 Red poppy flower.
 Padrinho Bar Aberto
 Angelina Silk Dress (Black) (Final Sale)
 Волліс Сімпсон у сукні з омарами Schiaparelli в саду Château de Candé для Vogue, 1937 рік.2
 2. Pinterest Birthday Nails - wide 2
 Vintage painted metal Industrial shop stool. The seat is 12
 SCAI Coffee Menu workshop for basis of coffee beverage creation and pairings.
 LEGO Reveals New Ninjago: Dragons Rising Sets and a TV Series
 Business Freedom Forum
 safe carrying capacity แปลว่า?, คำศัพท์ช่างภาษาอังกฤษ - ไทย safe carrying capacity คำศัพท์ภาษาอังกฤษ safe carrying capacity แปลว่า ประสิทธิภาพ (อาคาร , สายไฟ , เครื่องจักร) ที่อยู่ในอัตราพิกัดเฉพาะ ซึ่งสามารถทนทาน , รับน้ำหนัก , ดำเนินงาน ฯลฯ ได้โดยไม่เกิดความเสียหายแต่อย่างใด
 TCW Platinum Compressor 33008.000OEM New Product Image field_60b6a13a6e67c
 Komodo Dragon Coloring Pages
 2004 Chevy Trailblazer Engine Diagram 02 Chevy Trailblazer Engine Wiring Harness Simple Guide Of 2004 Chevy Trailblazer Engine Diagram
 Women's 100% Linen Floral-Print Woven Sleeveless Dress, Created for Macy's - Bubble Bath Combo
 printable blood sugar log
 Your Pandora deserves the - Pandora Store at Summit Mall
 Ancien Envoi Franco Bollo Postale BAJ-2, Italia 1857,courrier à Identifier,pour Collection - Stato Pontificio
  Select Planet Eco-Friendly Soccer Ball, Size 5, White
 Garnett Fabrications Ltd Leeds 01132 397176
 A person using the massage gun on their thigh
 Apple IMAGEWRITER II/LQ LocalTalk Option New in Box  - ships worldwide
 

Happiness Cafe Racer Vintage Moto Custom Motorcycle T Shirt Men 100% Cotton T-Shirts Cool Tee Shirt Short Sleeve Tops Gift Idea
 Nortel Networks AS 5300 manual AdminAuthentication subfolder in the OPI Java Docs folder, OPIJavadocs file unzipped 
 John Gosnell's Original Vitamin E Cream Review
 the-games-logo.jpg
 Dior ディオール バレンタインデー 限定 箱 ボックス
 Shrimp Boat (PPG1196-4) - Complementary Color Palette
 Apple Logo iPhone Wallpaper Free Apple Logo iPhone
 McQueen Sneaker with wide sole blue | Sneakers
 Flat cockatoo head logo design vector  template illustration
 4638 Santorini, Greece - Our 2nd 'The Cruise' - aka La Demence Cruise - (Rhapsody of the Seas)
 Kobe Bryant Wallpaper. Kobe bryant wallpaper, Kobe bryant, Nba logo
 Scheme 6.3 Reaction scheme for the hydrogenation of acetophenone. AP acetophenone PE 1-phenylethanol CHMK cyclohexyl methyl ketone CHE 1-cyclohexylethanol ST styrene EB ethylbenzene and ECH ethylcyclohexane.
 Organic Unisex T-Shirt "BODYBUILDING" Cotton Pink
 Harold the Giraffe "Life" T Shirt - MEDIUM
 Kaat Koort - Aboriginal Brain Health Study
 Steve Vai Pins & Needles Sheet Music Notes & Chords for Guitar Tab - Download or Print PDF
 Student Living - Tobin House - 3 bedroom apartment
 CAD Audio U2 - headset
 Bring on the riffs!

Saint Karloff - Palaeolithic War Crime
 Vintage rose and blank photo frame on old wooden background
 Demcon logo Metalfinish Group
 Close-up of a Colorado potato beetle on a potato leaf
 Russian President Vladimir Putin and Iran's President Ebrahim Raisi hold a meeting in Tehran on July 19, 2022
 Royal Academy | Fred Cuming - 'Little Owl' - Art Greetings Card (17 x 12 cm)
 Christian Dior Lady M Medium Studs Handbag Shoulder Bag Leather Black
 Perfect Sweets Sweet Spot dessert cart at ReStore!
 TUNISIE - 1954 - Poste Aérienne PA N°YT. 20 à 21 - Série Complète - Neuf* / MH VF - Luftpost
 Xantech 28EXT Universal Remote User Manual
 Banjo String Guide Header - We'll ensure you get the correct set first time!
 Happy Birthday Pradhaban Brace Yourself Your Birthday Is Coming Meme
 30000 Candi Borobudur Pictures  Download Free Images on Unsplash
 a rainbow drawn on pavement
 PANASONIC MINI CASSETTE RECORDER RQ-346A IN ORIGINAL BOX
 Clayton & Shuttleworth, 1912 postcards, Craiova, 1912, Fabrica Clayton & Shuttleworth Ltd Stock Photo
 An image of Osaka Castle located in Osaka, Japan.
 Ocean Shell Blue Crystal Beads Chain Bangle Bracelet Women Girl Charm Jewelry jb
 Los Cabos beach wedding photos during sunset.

**Your goal:** Tally up the lines in the records containing the word "Women", then give the count and nothing else.

**Answer for this exercise:** 2